Yes, those would be marigold petals.
The lobster was a worthy representative of its species, but to my taste it was underdone. And I emphasize this is a personal thing: I like lobster either raw--sashimi--or cooked through. I am also scared of green sauces (argh, wheatgrass!), but this was actually a fine one, and the scallop in a soft won ton wrapper was borderline sexy. Cute baby leeks nestled alongside the lobster tail.
I saw no reason not to select two meat dishes. Actually listed as anise hyssop and quinoa dishes, but anyway. The quinoa lurked shyly, as a small slurry, next to several slices of grimaud duck with a rich honey and chai glaze. Yes chai; never mind tea-smoked duck, this works beautifully. Beets were candied and strewn harmlessly about; the jus was scented with hibiscus. The anise hyssop didn't seem such a big deal.
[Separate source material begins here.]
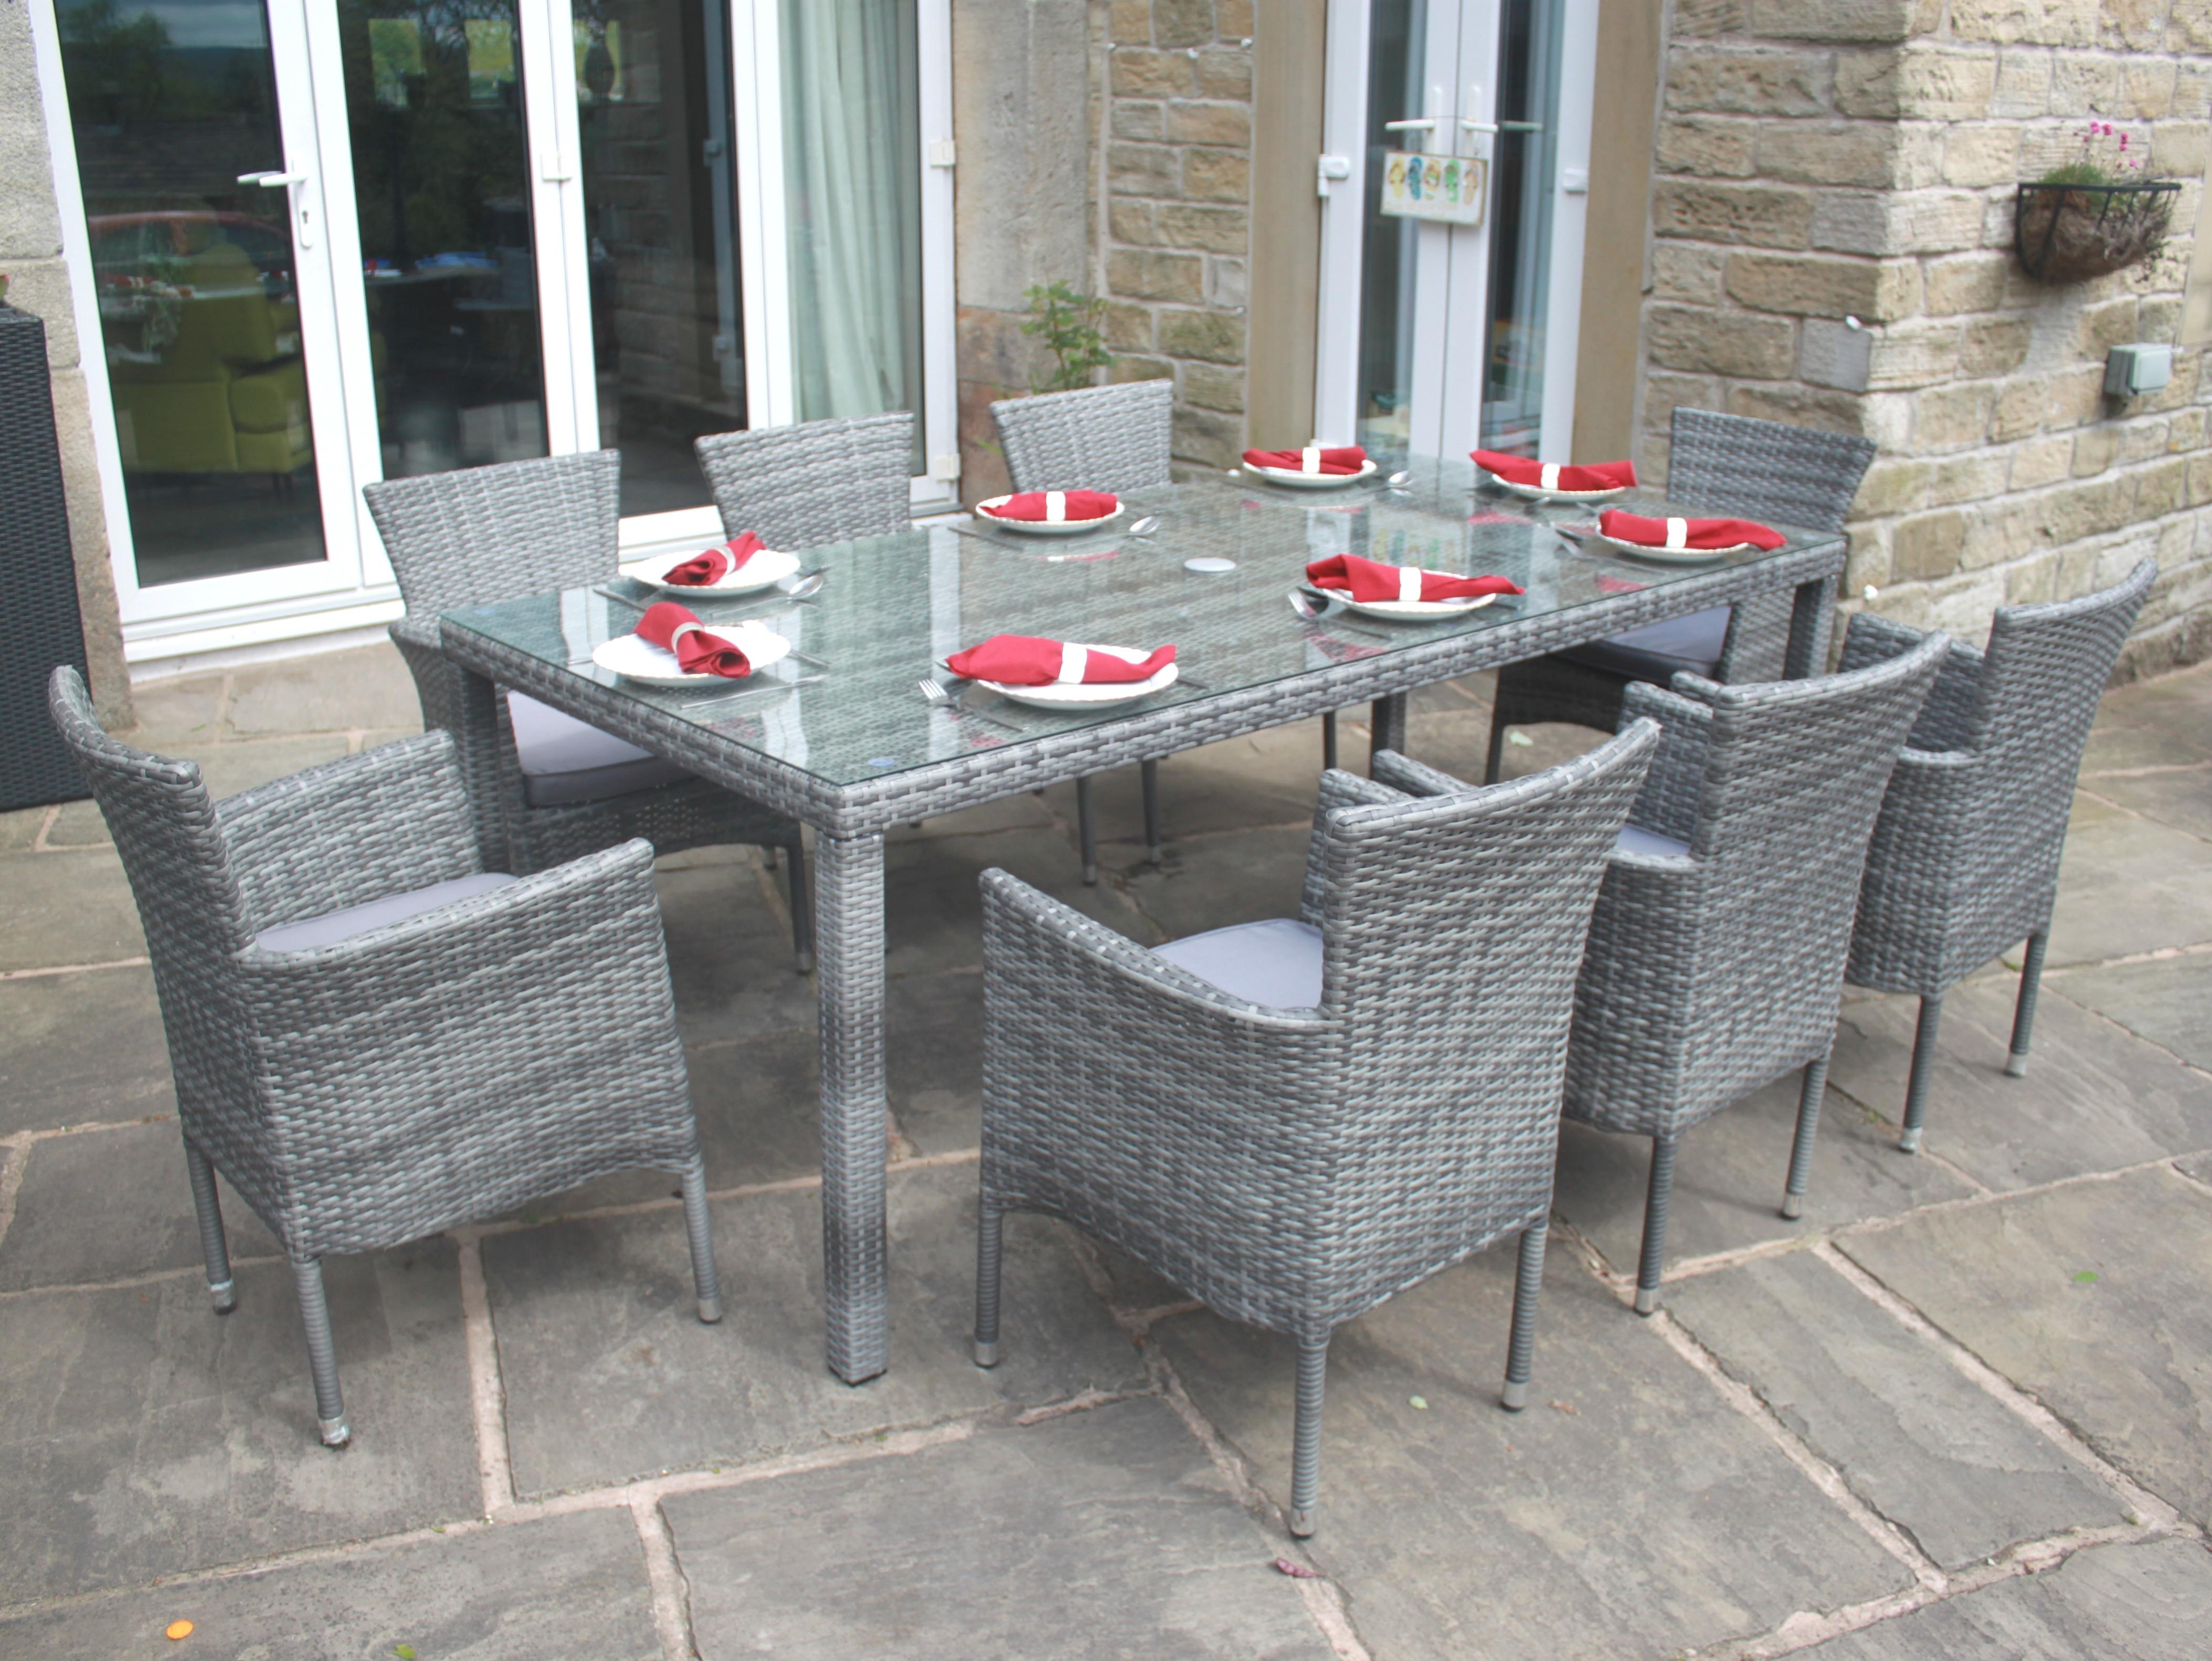 8 Seater Garden Dining Set In Grey Rattan Tempered Glass Rust Resistant EBay
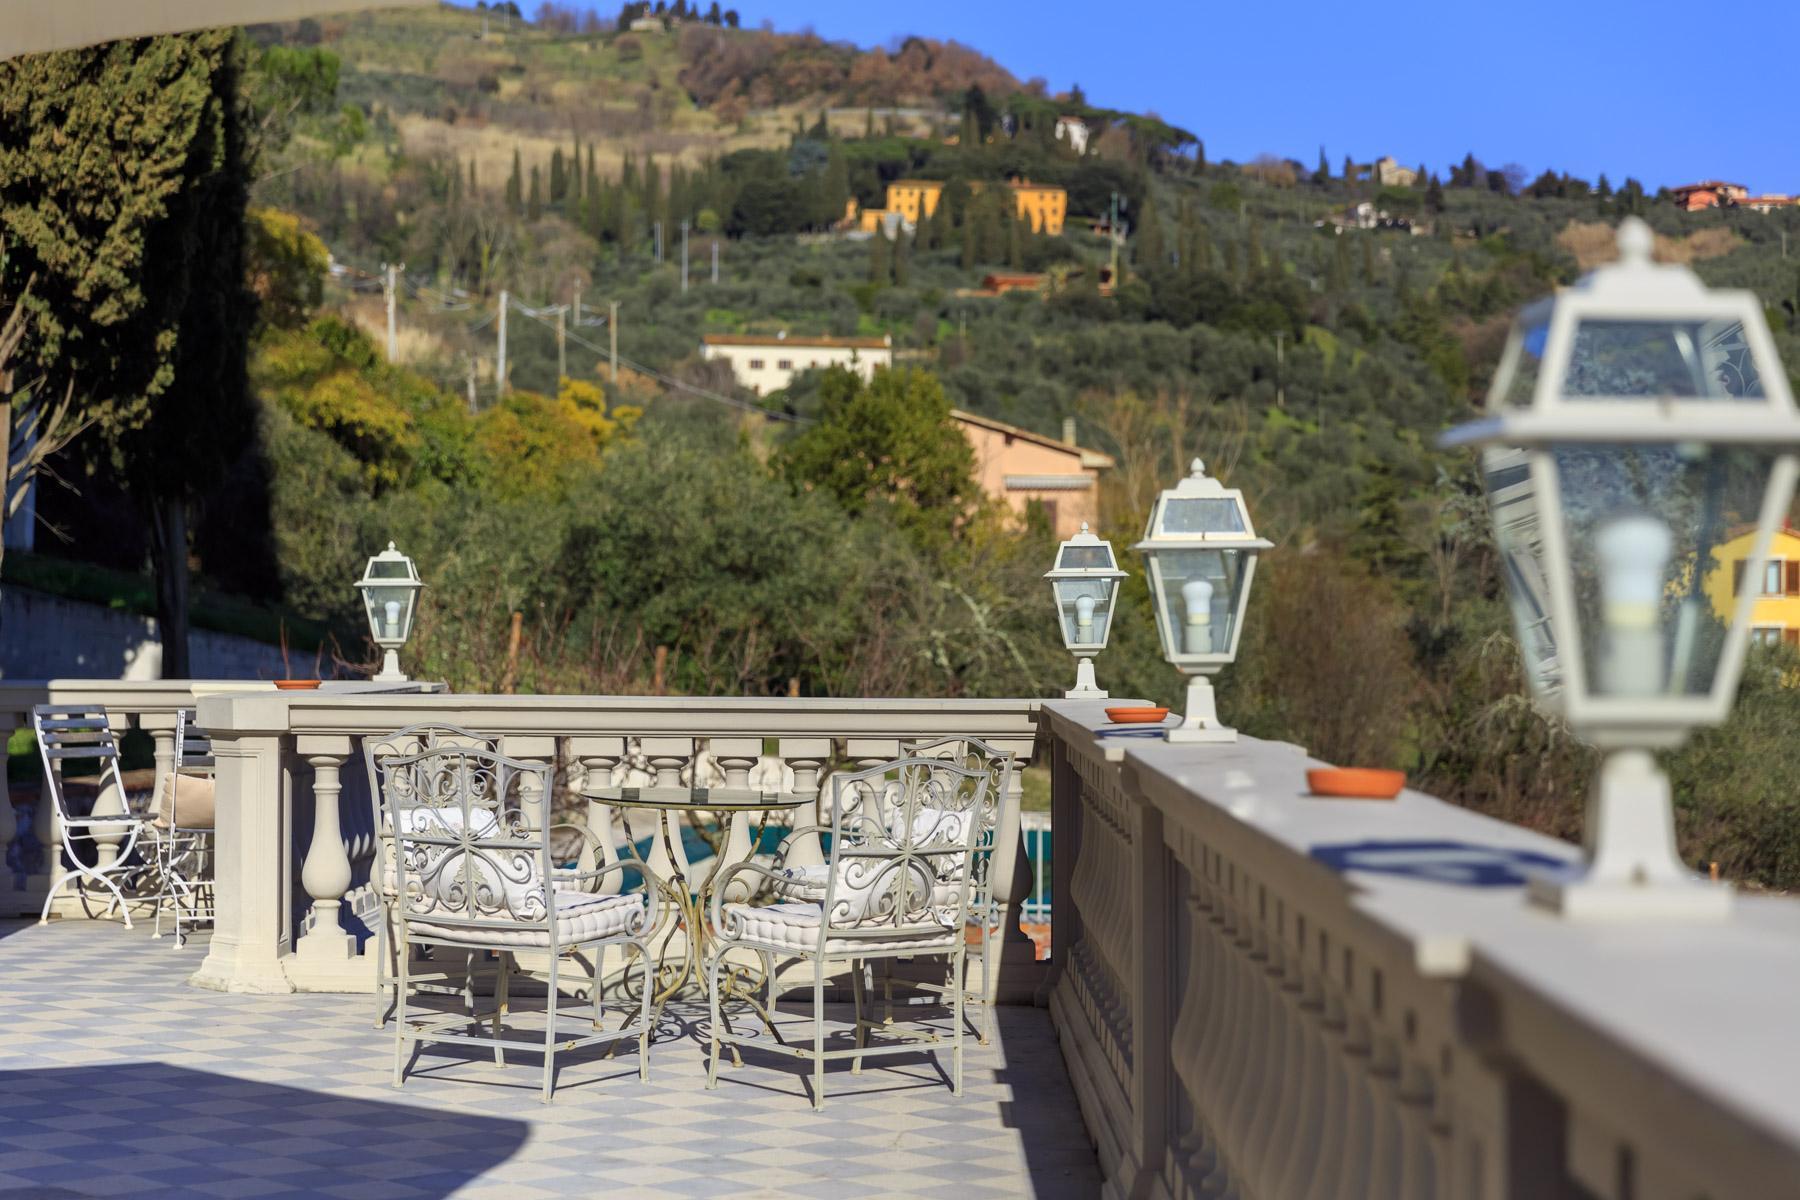 Montecatini Terme小镇优雅的新艺术风格的别墅 - 30

The quinoa was pretty much invisible as a component of the veal dish (there was some, and it was tasty). Two slices of pink tenderloin, and a tumble of unpickled shimejis, and some pickled burdock, garnished with a mizuna leaf or two, formed the canvas on which the kitchen painted a luscious, buttery, foamy truffle sauce which was the highlight of the evening. The aroma fills the room, and the flavor coats the meat lustily. It needed to because the veal tenderloin can be very, very dull.
I'd like to see chef Shaun let his short back-and-sides down and serve that sauce over a rolled, braised veal breast, or a veal cheek (there's a pig's cheek on the 10 course menu).
Strictly interpreted, the 6 course menu might allow you to pick three seafood and three meat courses, but servers are quite insistent at the outset that you really should choose a dessert, so I did. Corn and cheese, to meet my not-so-sweet palate's needs. The corn was caramelized over ice cream, the cheddar arrived as big, crisp chips.
But you're not done, of course, and the kitchen is not done candying beet.
This is a polished, ambitious project, trying earnestly to match old school classicism with the contemporary crush on vegetables, edible flowers, and the four seasons. It's good. It's also expensive: the minumum entry price for food is three courses from the carte for $75, but realistically it's a $200 pp check, with drinks, tax and tip. For which you'll be stuffed.
For the price, you just wish the kitchen could hug the food a little more closely, the service be a little less clinical. To be fair, it's only three weeks in, but as I said--I think this product does express the chef's vision.